Recently, 99% of the industry became serviced by the Cranberry cooperative. This shift created higher processing volumes. At an increase of 20% over dry harvesting is due in part by increases in technology, and water harvesting. Higher yields from water harvesting and the reduction of or elimination of the destoning process have all contributed to the increased volumes. For these reasons the industry has grown. However, failure to adjust to these constrains has left NCC at a disadvantage in terms of processing capacity. The drying part of the operation has only three dryers available in the continuous process. The additional volume burden on the dryers comes from a recent shift in major production (70% volume) from dry harvesting to wet harvesting. The 3 unit (Dryer) operation only has an average capacity of 5,400 bbls per 12-hour shift. Truck waiting times can be reduced by the purchase of one additional dryer unit. In addition an extension of production times in this area during peak season, from 12 hours to 22 hours if needed and based on daily production demands can alleviate some of the demand pressure. If operation starts at 7am, there will be no wait if you have four dryers.

The other problem with overtime is inaccurate scheduling and high absents which could be tied to poor morale.

Why did increasing the capacity of the holding bins not help solve the problem of truck waiting to any great extent?

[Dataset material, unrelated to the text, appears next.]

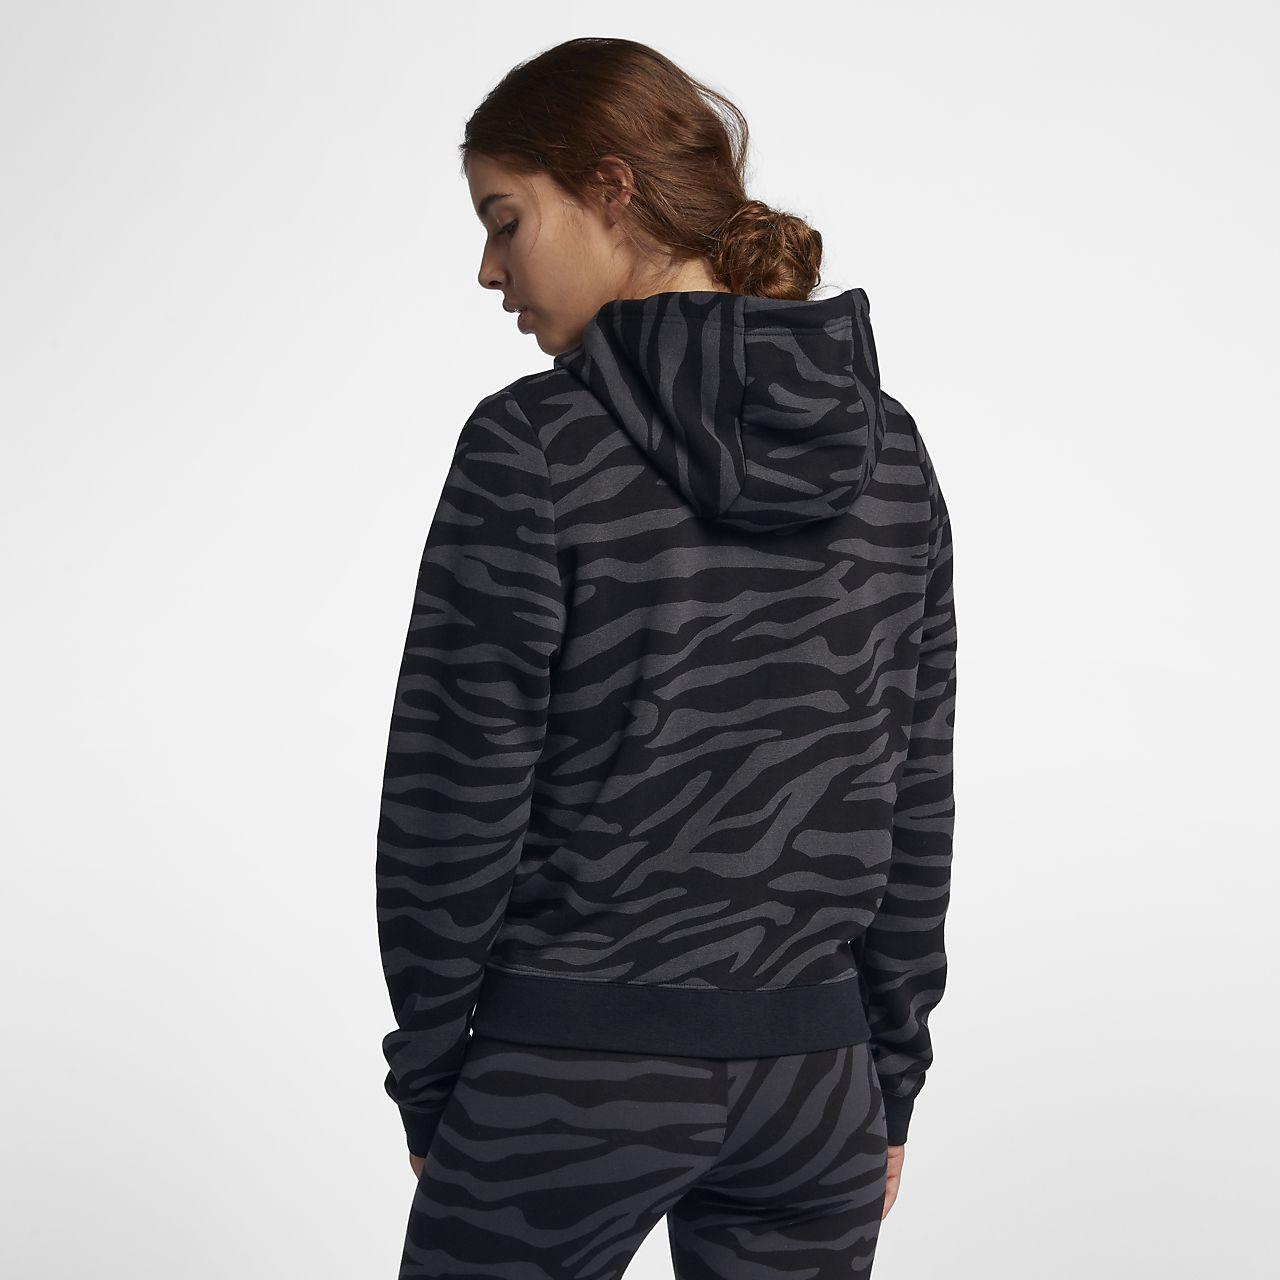 59e9bc09047d ... Felpa animalier con cappuccio e zip a tutta lunghezza Nike Sportswear -  Donna
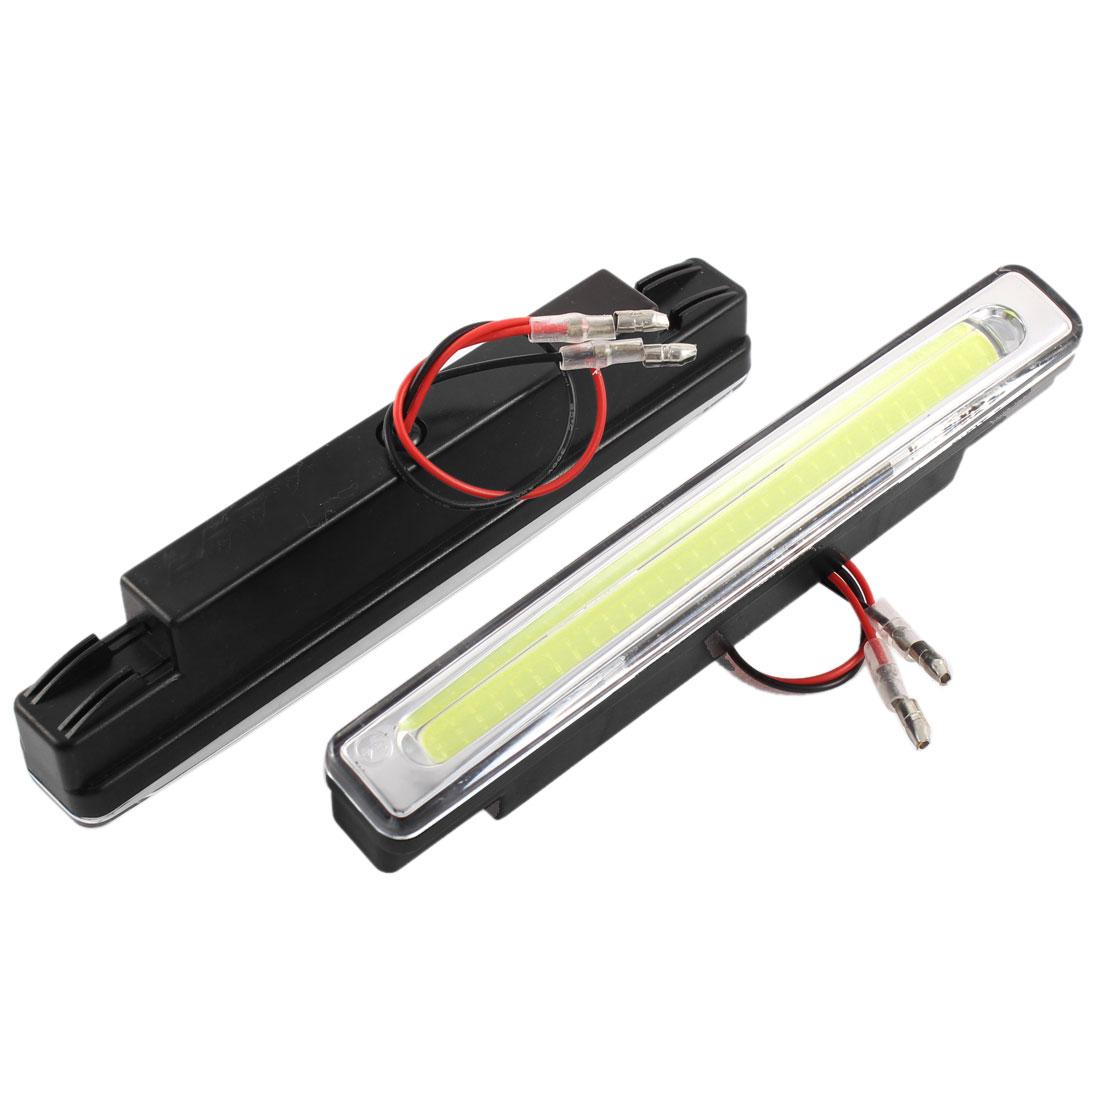 2 Pcs Car White COB LED Driving Daytime Running Daylight Fog Light

The NCC management team did not review the issue in detail, and assumed the bottleneck in the operation was at the beginning of the process, or the receiving/testing, and dumping operations. After a review of the second season, the management team realized the purchase of the additional Kiwanee dumper did not substantially increase operating results on the continuous processing line.

Although, the addition of dumper definitely did increase operating volumes at dumping operation, the bottleneck of the operation was further down the continuous processing line, and more specifically first at the dryer operation, second at the bulking/bagging operation and third at the separation operation.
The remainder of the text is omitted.